------ DATA SEGMENT
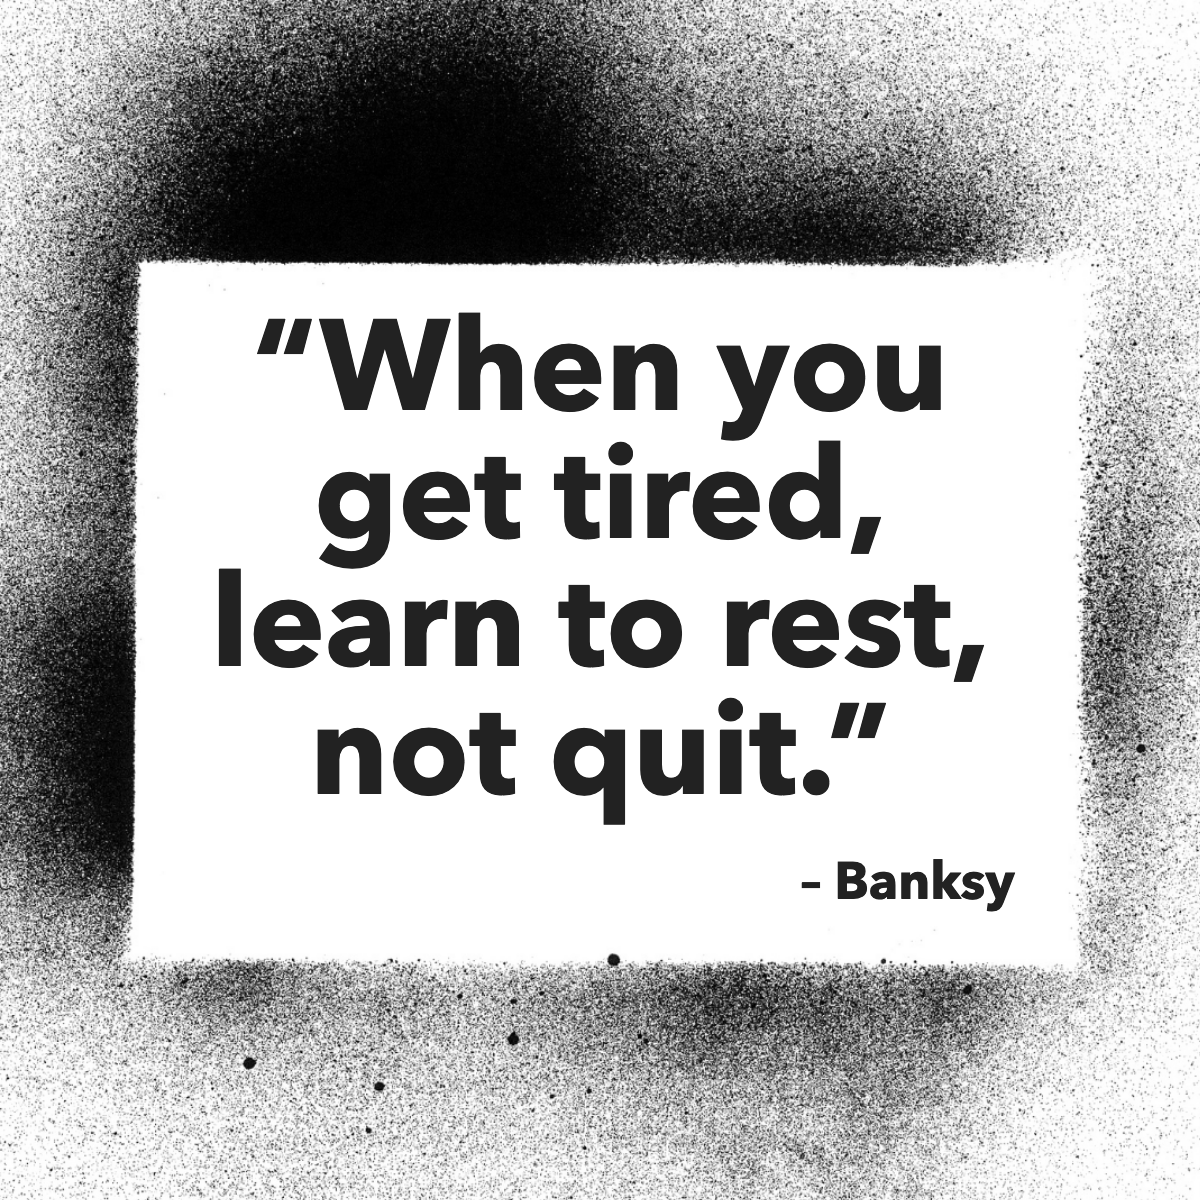 Don't feel guilty if you ever get tired, take your time ... 😉

#motivationnation #motivationalquotesdaily #quoteoftheday #quoteofday #quotedaily

 #mkehomes #mkeliving #withyouonyourjourneyhome
------------
## INSTRUCTIONS TO FOLLOW:
What is needed is an exact copy of the lines from the one containing "#motivationnation #motivationalquotesdaily #quoteoftheday" through the final line of the data, both included, and nothing more.

## SOLUTION TO THE PROBLEM:
#motivationnation #motivationalquotesdaily #quoteoftheday #quoteofday #quotedaily

 #mkehomes #mkeliving #withyouonyourjourneyhome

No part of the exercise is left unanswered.